◆ Problem details ◆
Could the data below please be reproduced word for word, without the pictures?

◆ Available data ◆
━━━
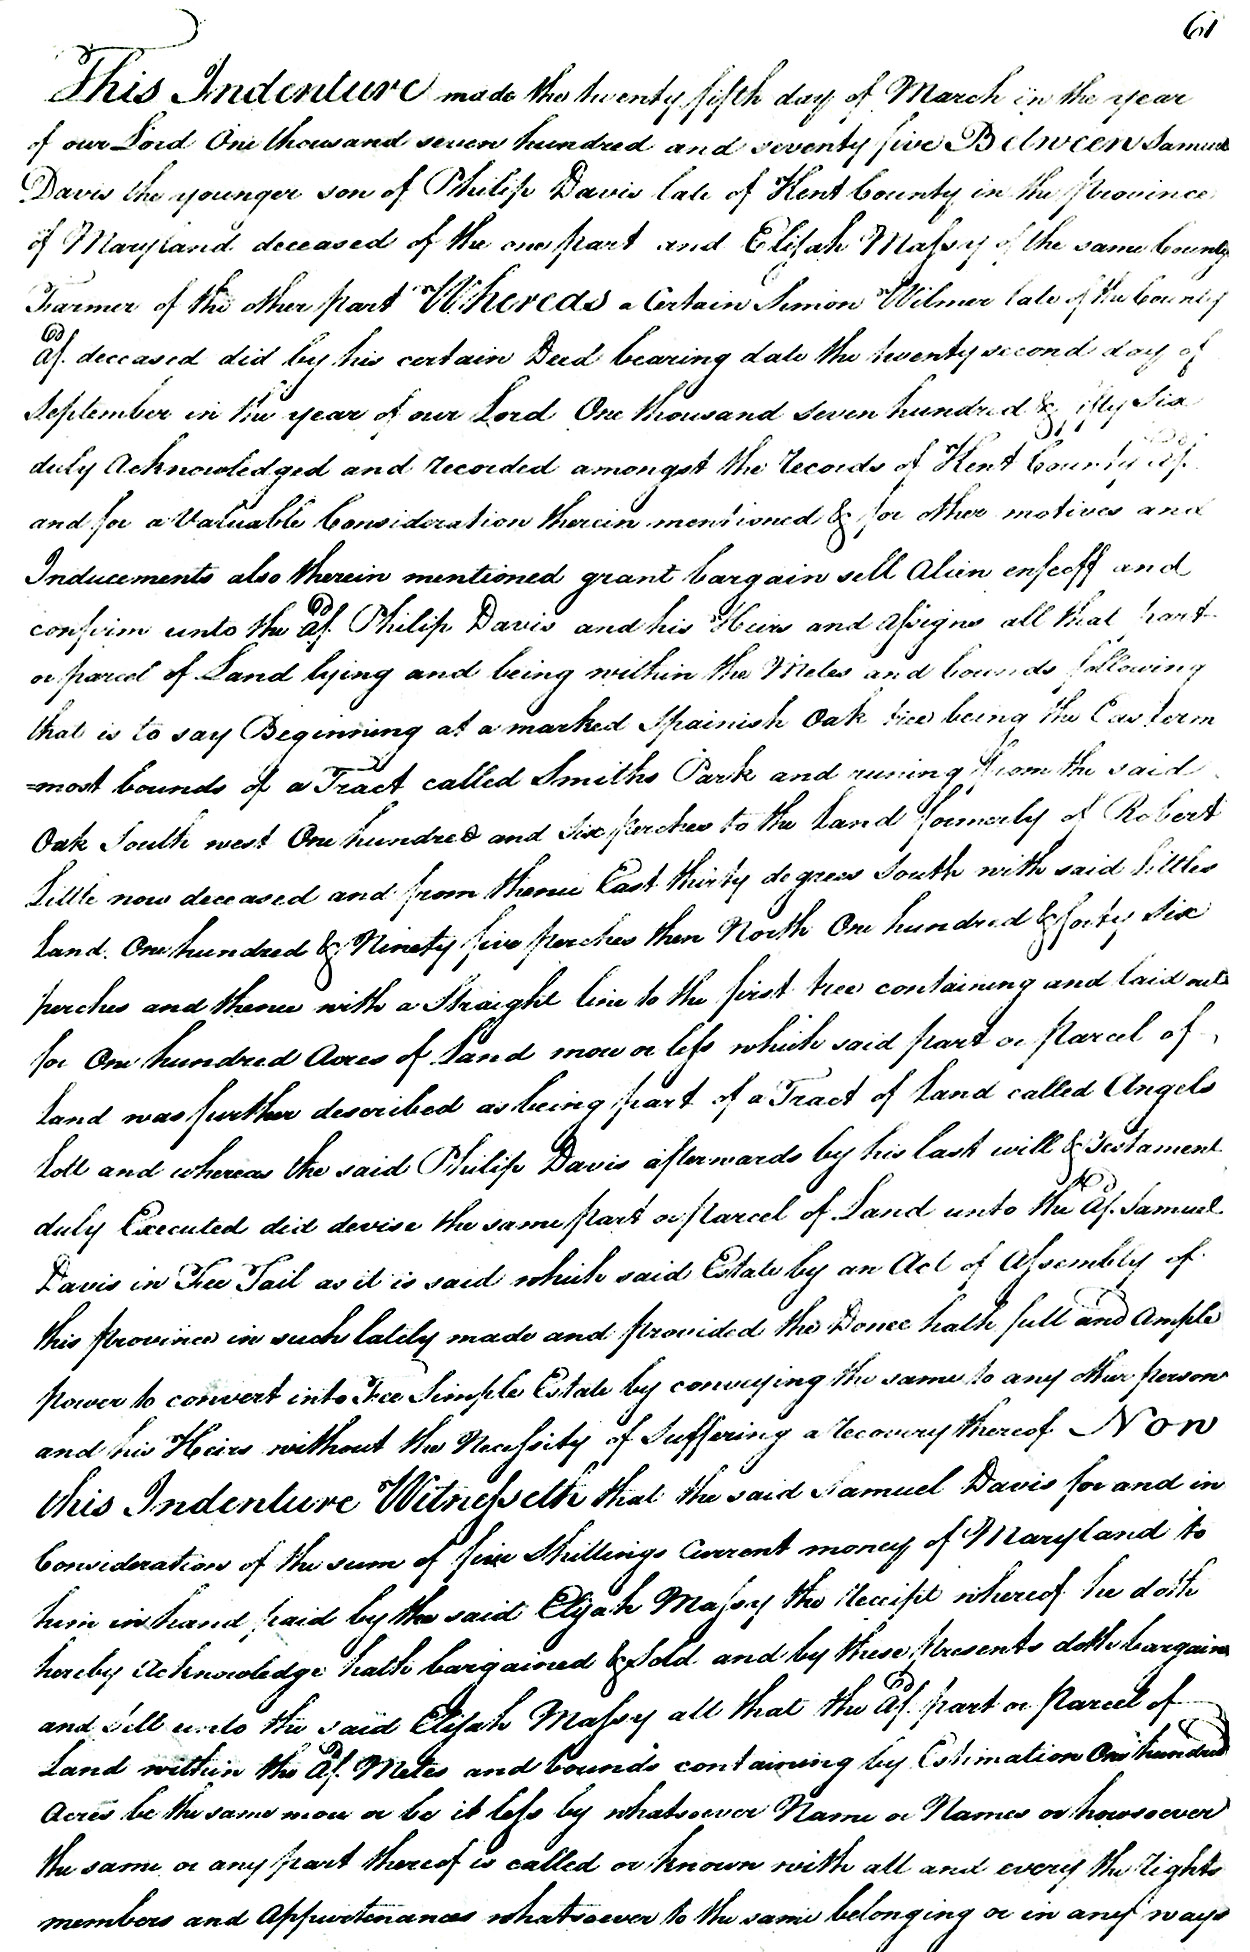 Maryland Land Records, Kent County, Samuel Davis to Elijah Massey, June 9, 1775
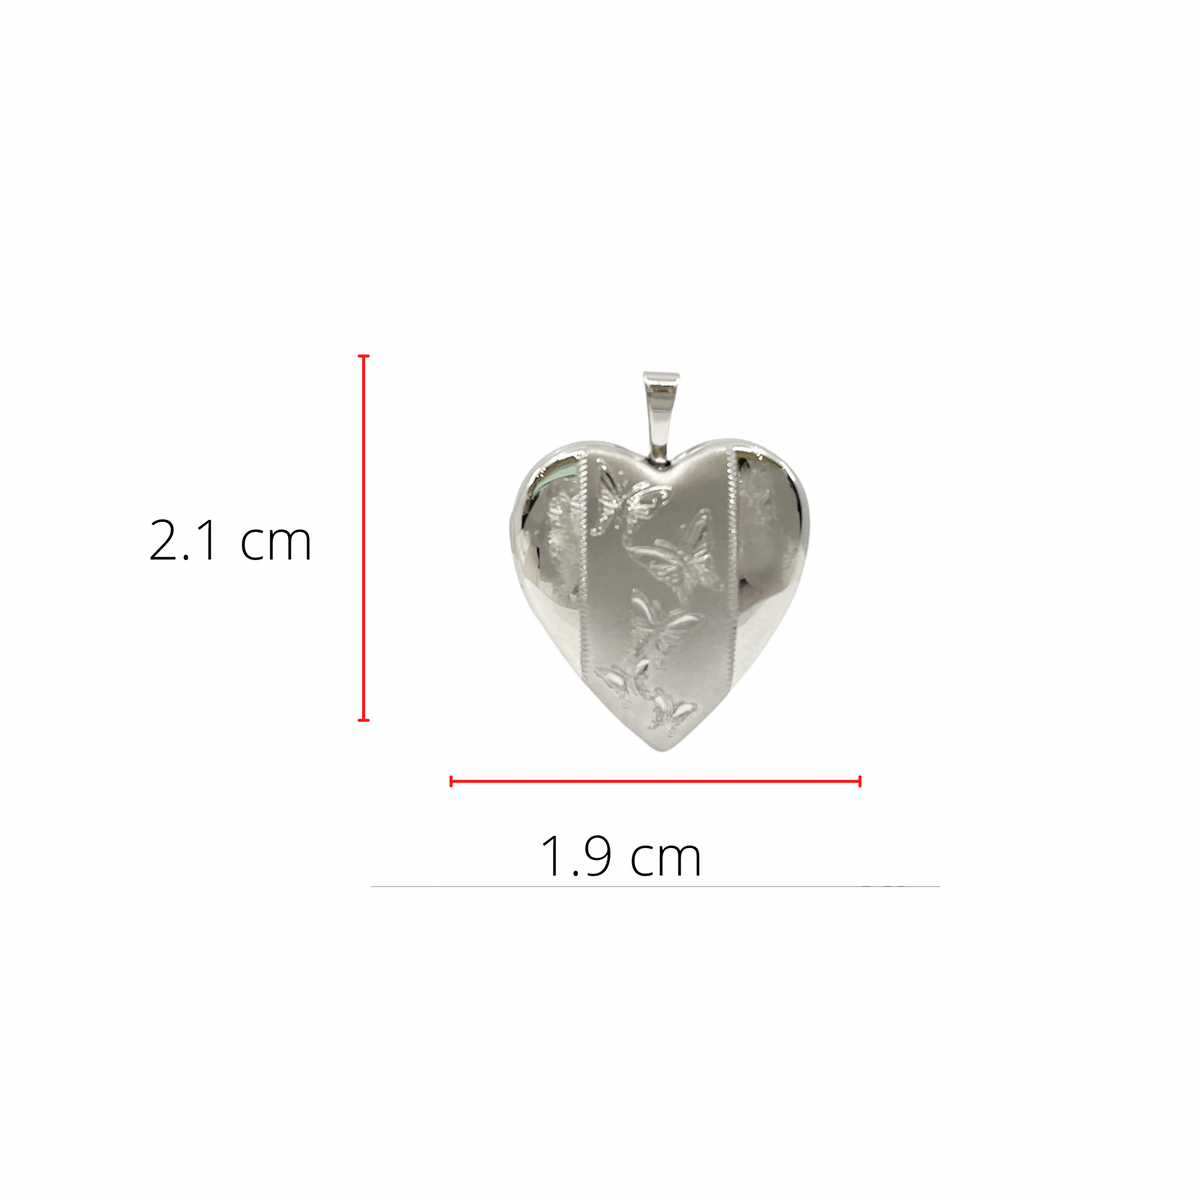 925 Sterling Silver Etched Butterflies Heart Shaped Locket - 19mm x 21mm
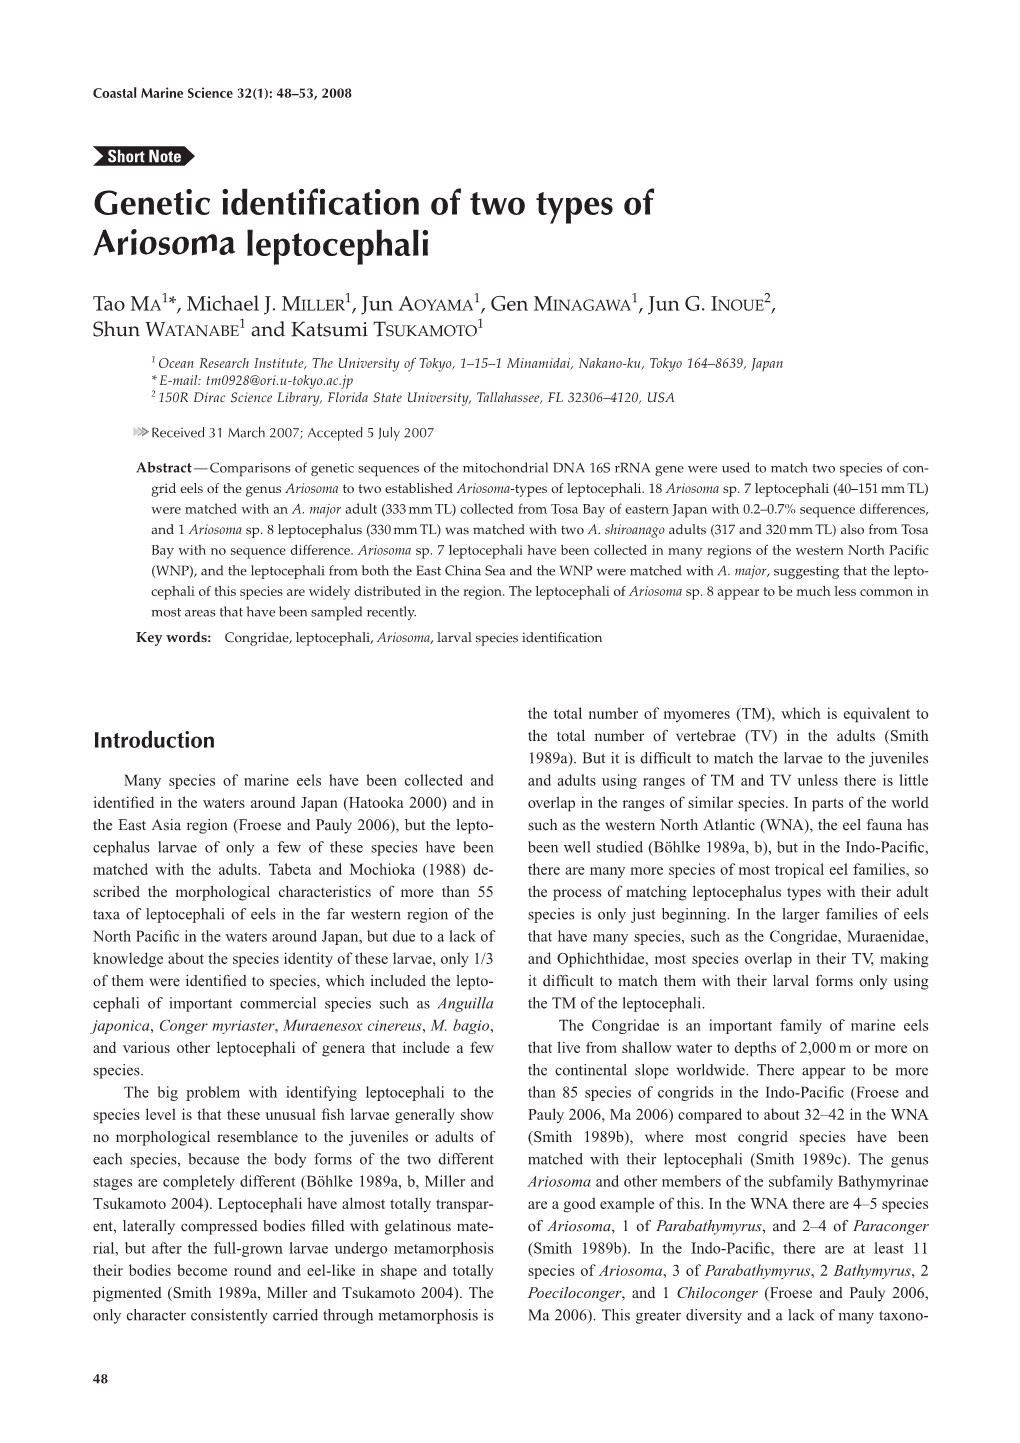 Genetic Identification of Two Types of Ariosoma Leptocephali
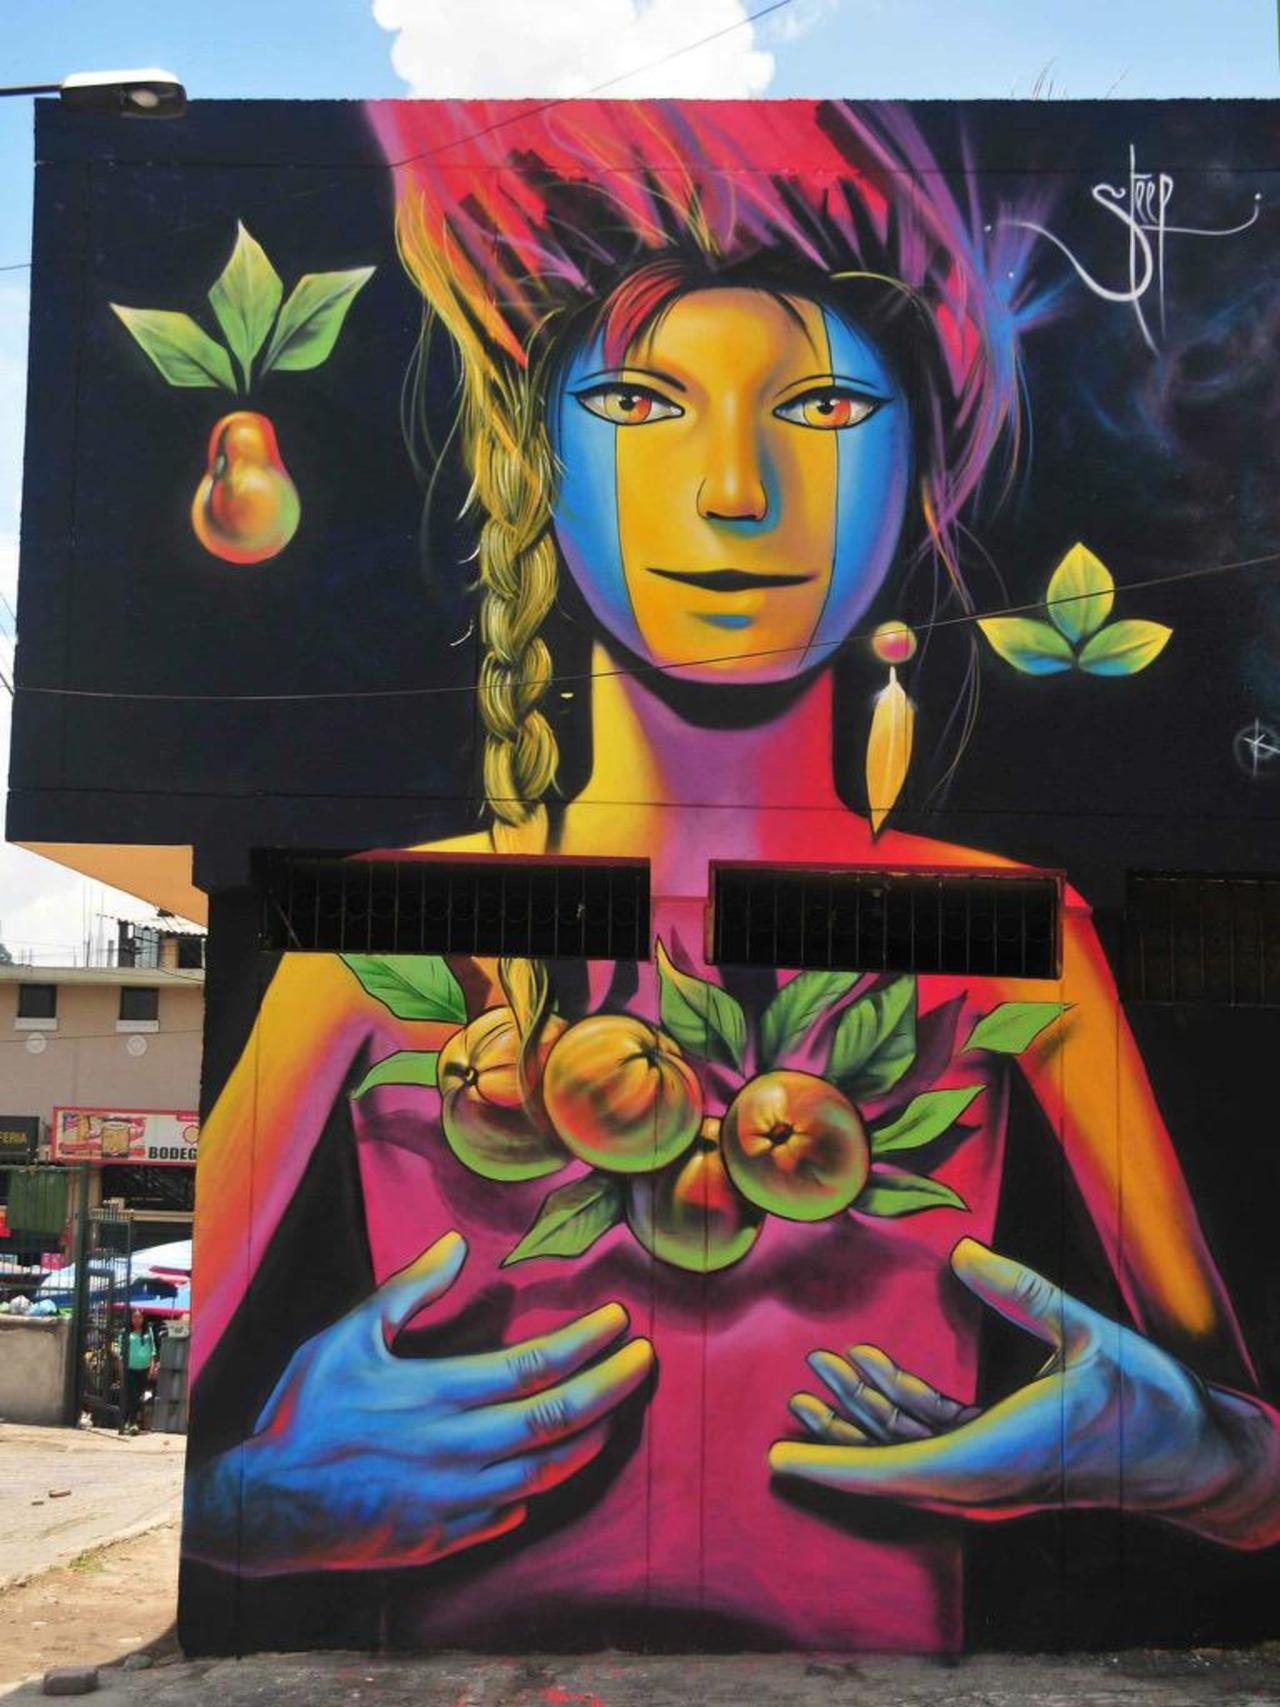 Street Art by Steep #art #graffiti #mural #streetart http://t.co/dKGIfl0HiR http://twitter.com/GoogleStreetArt/status/652717552435638272/photo/1/large?utm_source=fb&utm_medium=fb&utm_campaign=charlesjackso14&utm_content=652720469402103808 … … … … http://twitter.com/GoogleStreetArt/status/652717552435638272/photo/1/large?utm_source=fb&utm_medium=fb&utm_campaign=charlesjackso14&utm_content=652732465568727040
━━━
◆ Answer space ◆
 Maryland Land Records, Kent County, Samuel Davis to Elijah Massey, June 9, 1775
 925 Sterling Silver Etched Butterflies Heart Shaped Locket - 19mm x 21mm
 Genetic Identification of Two Types of Ariosoma Leptocephali
 Street Art by Steep #art #graffiti #mural #streetart http://t.co/dKGIfl0HiR http://twitter.com/GoogleStreetArt/status/652717552435638272/photo/1/large?utm_source=fb&utm_medium=fb&utm_campaign=charlesjackso14&utm_content=652720469402103808 … … … … http://twitter.com/GoogleStreetArt/status/652717552435638272/photo/1/large?utm_source=fb&utm_medium=fb&utm_campaign=charlesjackso14&utm_content=652732465568727040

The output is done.